Record extracts Start Marker
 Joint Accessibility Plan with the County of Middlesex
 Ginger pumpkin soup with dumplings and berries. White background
Record extracts End Marker
Record extracts Start Marker
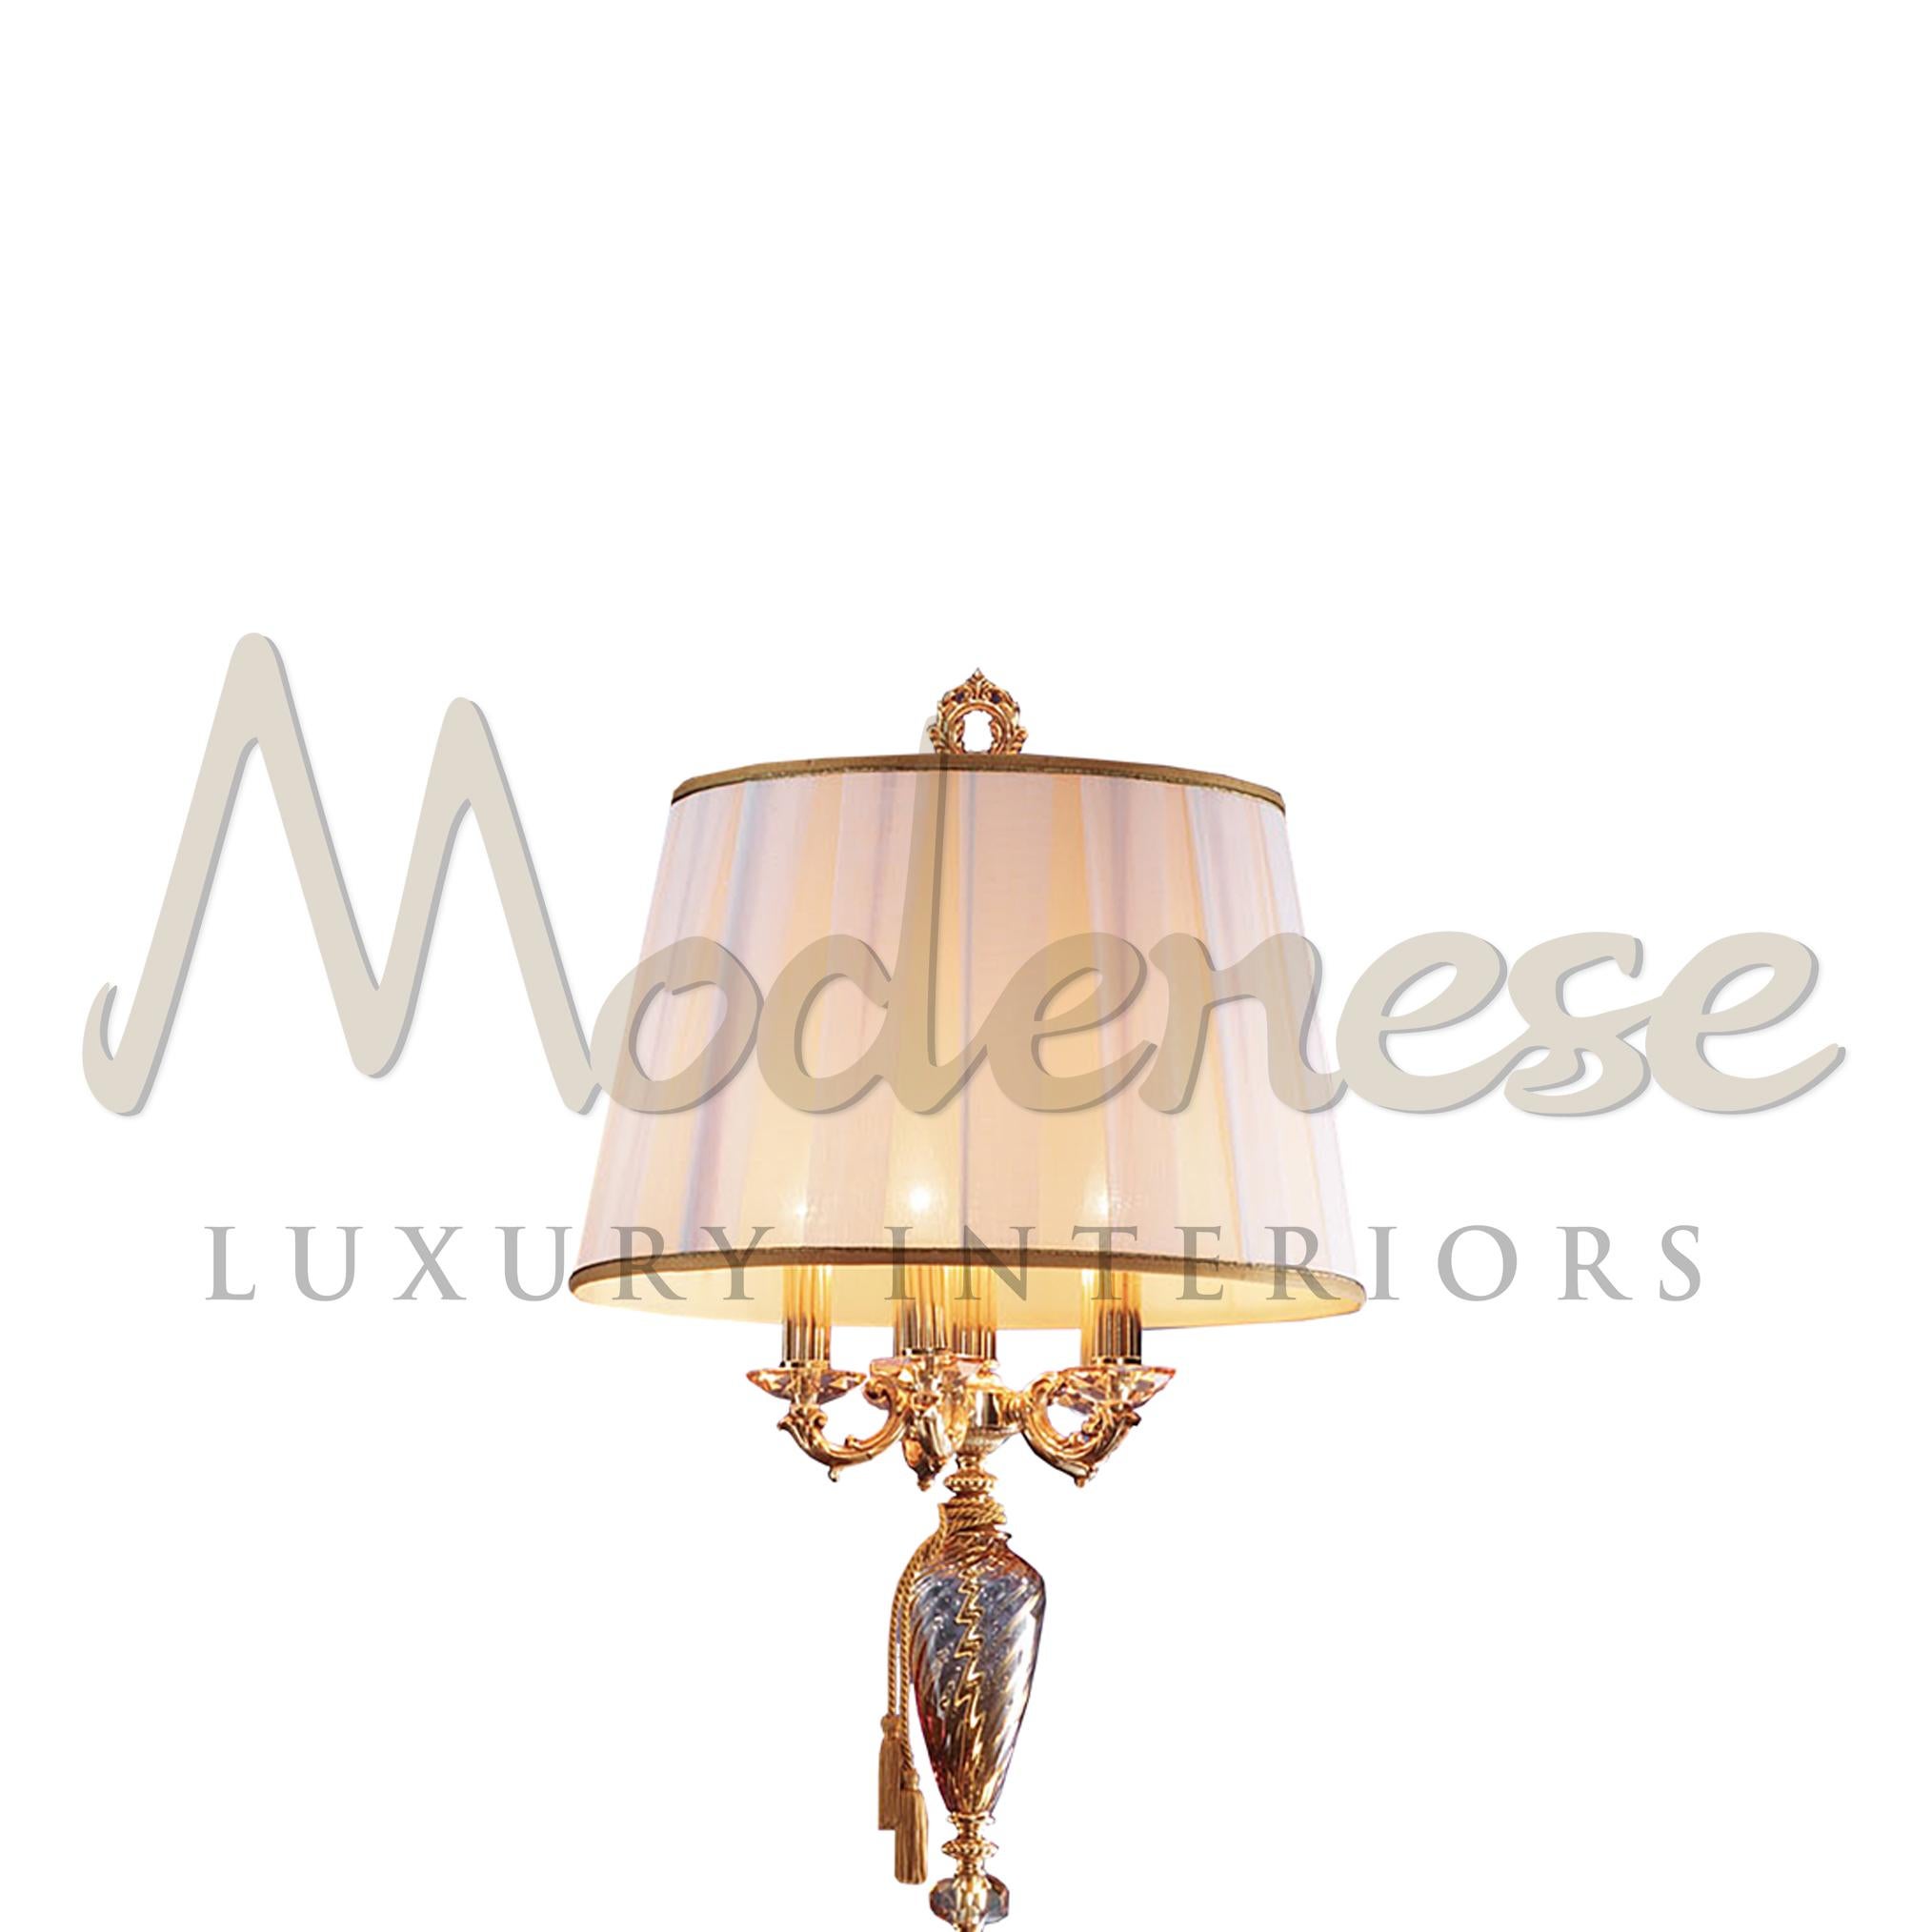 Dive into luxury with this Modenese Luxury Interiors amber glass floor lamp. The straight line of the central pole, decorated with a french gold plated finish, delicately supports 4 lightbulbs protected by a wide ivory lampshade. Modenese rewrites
Record extracts End Marker
Record extracts Start Marker
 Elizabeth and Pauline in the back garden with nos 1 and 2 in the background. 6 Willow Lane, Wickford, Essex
Record extracts End Marker
• **Problem**
In the records above, how many lines hold the string "background"? Only the number should be given.

• **Written response**
2